EL CONDE de Halifax, embajador de Inglaterra en Estados Unidos durante los años cuarenta de este siglo, encaraba un problema: no entendía el sistema político estadunidense. El columnista norteamericano de asuntos políticos Walter Lippmann recuerda al respecto: "Cada vez que había elecciones, era necesario que le explicaran todo el procedimiento, una y otra vez".
La confusión del embajador inglés no nos asombra a nosotros, los extranjeros. El proceso de elecciones presidenciales en Estados Unidos es en verdad muy largo y complejo, y al parecer cambia constantemente. Además, da a menudo resultados inesperados. Digan lo que digan los estadunidenses, nos parece insólito, por ejemplo, que Jimmy Carter haya surgido de no se sabe dónde y haya sido elegido presidente en 1976.
La manera de entender y evaluar unas elecciones presidenciales norteamericanas consiste en observar cómo un país con 220 millones de almas de muy variada índole aporta sus numerosas voces al proceso electoral. E Pluribus Unum (De muchos, uno solo) es uno de los lemas de Estados Unidos. Da vida a este lema el sistema norteamericano de elecciones primarias, juntas de dirigentes locales de los partidos, convenciones y votación final.
Suele olvidarse con facilidad cuán grande es el país llamado Estados Unidos; los europeos piensan en él asimilándolo a la escala europea. Por ejemplo: después de unas elecciones presidenciales, un comentarista de temas políticos no puede escribir: "La votación fue escasa, porque el día de los sufragios estaba lloviendo en Estados Unidos". Esto equivaldría a decir que "el Sol era brillante en China", o que "estaba nevando en Rusia". El país es enorme, y su pueblo, aunque uno solo, está integrado por gente diversa.

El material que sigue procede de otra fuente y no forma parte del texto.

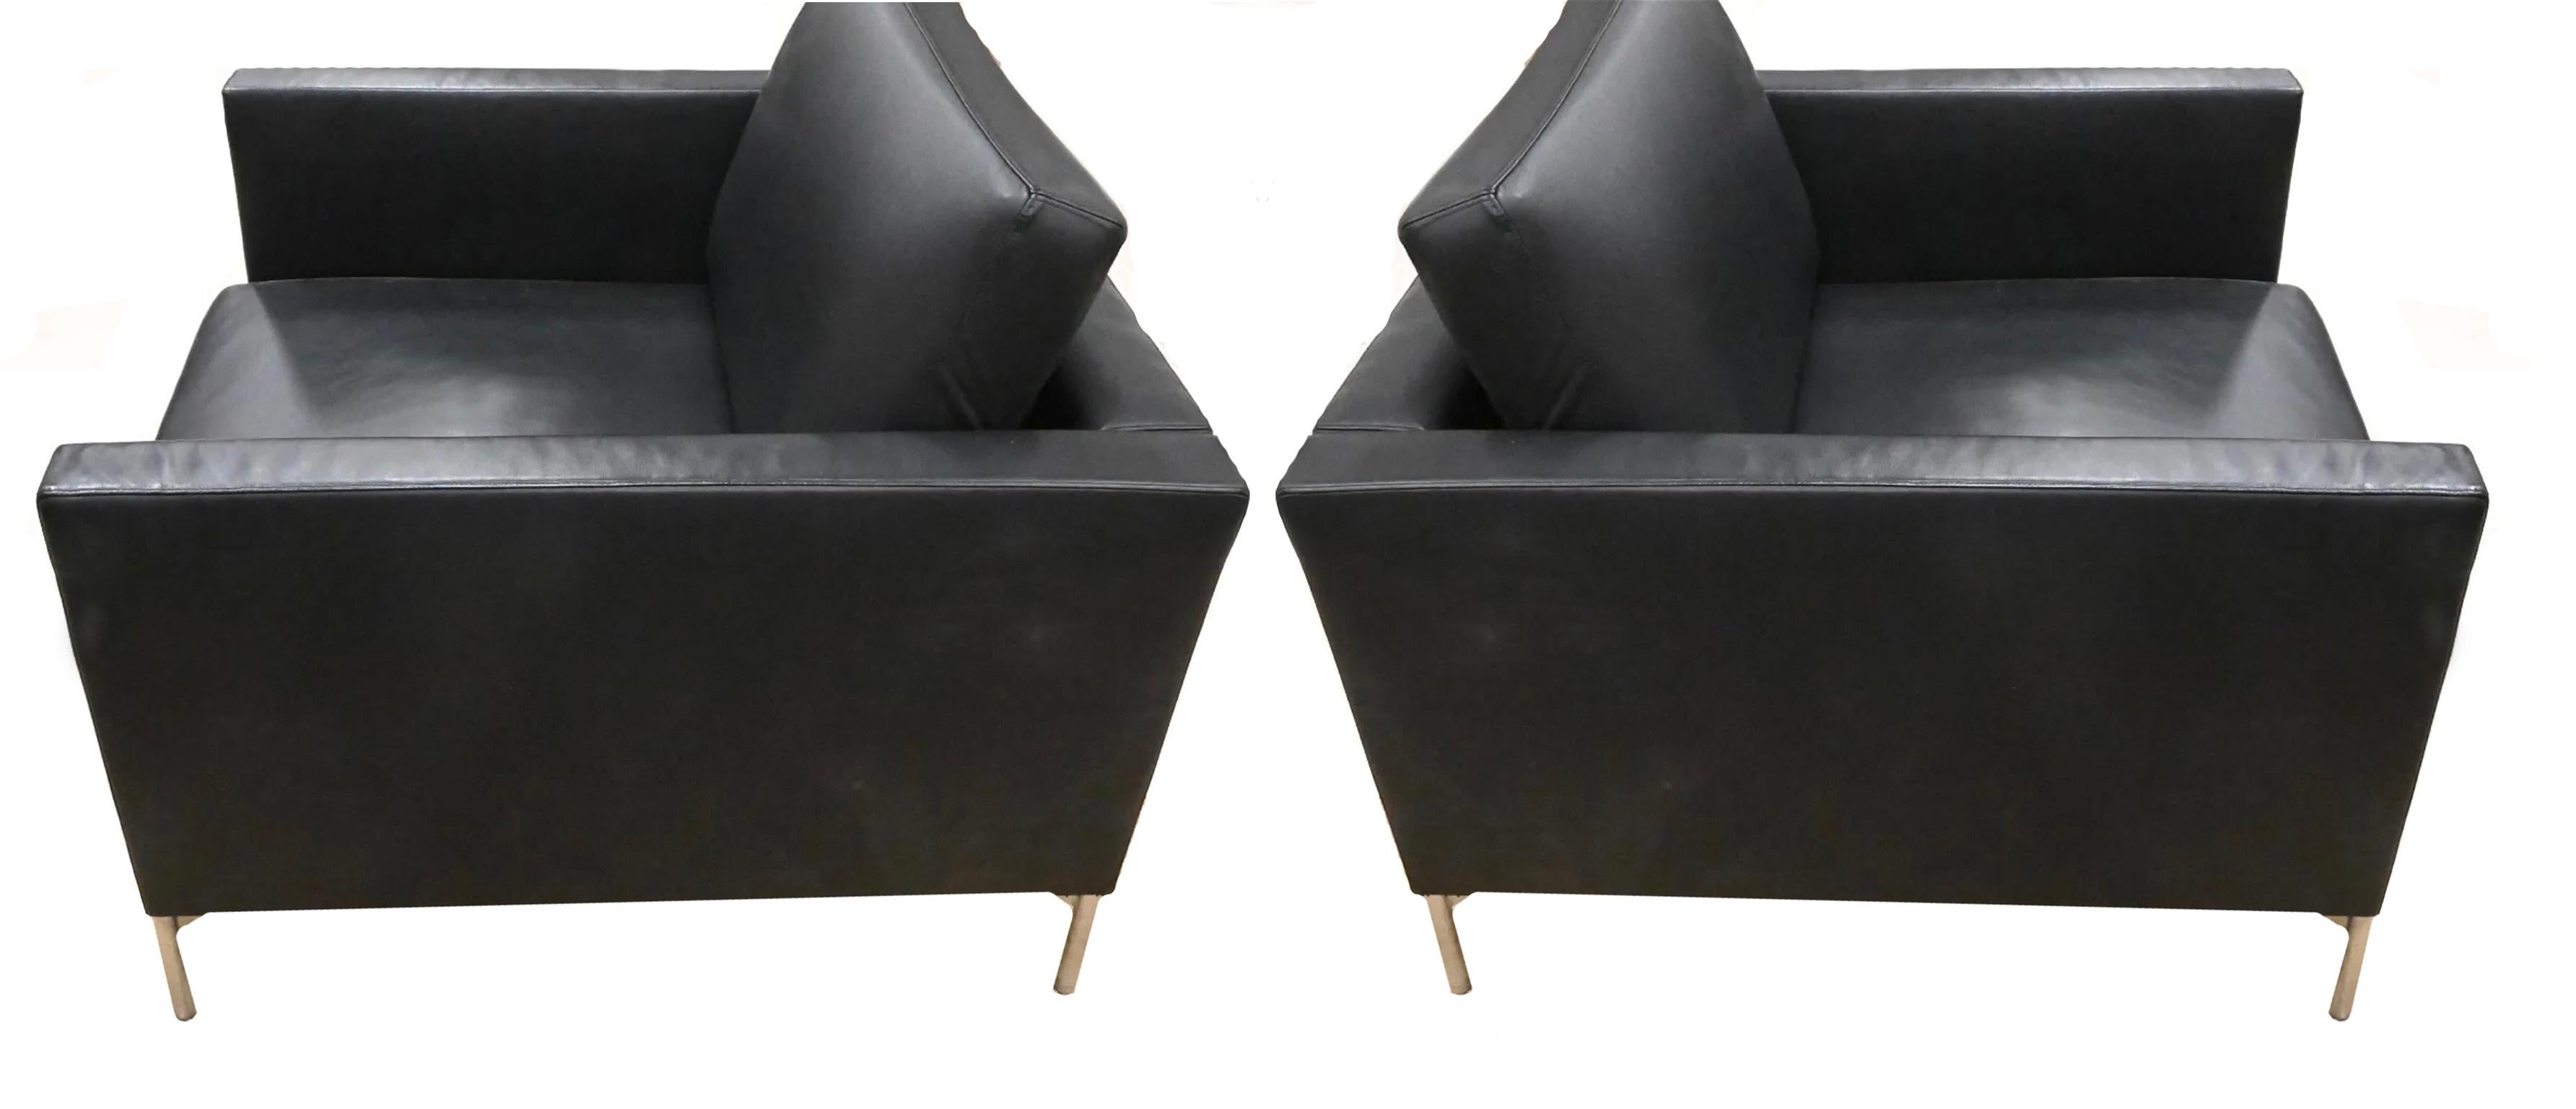 Pair of Modern Piero Lissoni for Knoll Divina Club Lounge Chairs Black Leather In Good Condition For Sale In BROOKLYN, NY

Existen en toda la nación dos partidos políticos principales: el Republicano y el Demócrata, cuyos símbolos son, respectivamente, un elefante y un burro. Para alguien que viva en un país de sistema parlamentario, acaso resulte extraño cómo funcionan estos dos organismos norteamericanos. Porque, en todo sistema parlamentario, los partidos tienden a estar muy centralizados y a actuar con disciplina. Los partidos estadunidenses, en cambio, presentan una organización tan flexible, que al extranjero se le dificulta saber en dónde hay que buscarlos. No obstante, virtualmente nadie puede ser elegido presidente o consolidar influencia política duradera sino a través de estos dos partidos.
Por tanto, cuando alguien desea ser presidente de la nación, ante todo debe ganarse el apoyo de uno de los partidos principales. En ciertos casos, ni siquiera es importante cuál lo apoyará, pues, a diferencia de algunos países donde los partidos se caracterizan por seguir determinada ideología, que va de la extrema izquierda a la extrema derecha, los dos partidos norteamericanos, en gran medida, sólo difieren entre sí en grados de liberalismo o de conservadurismo. En 1948, por ejemplo, unos integrantes del grupo Americans for Democratic Action (Ciudadanos Norteamericanos en pro de la Acción Democrática), asociación política liberal que a menudo se alía al Partido Demócrata, estaban tan descontentos con el presidente Harry Truman que deseaban lanzar al general Dwíght Eisenhower como candidato demócrata a la presidencia. Pero, cuatro años después, Eisenhower optó por presentar su candidatura con el apoyo de los republicanos. Pudo muy bien haber sido el candidato de los demócratas, si no hubiera sentido que los votantes querían expulsar de los principales puestos a ese partido.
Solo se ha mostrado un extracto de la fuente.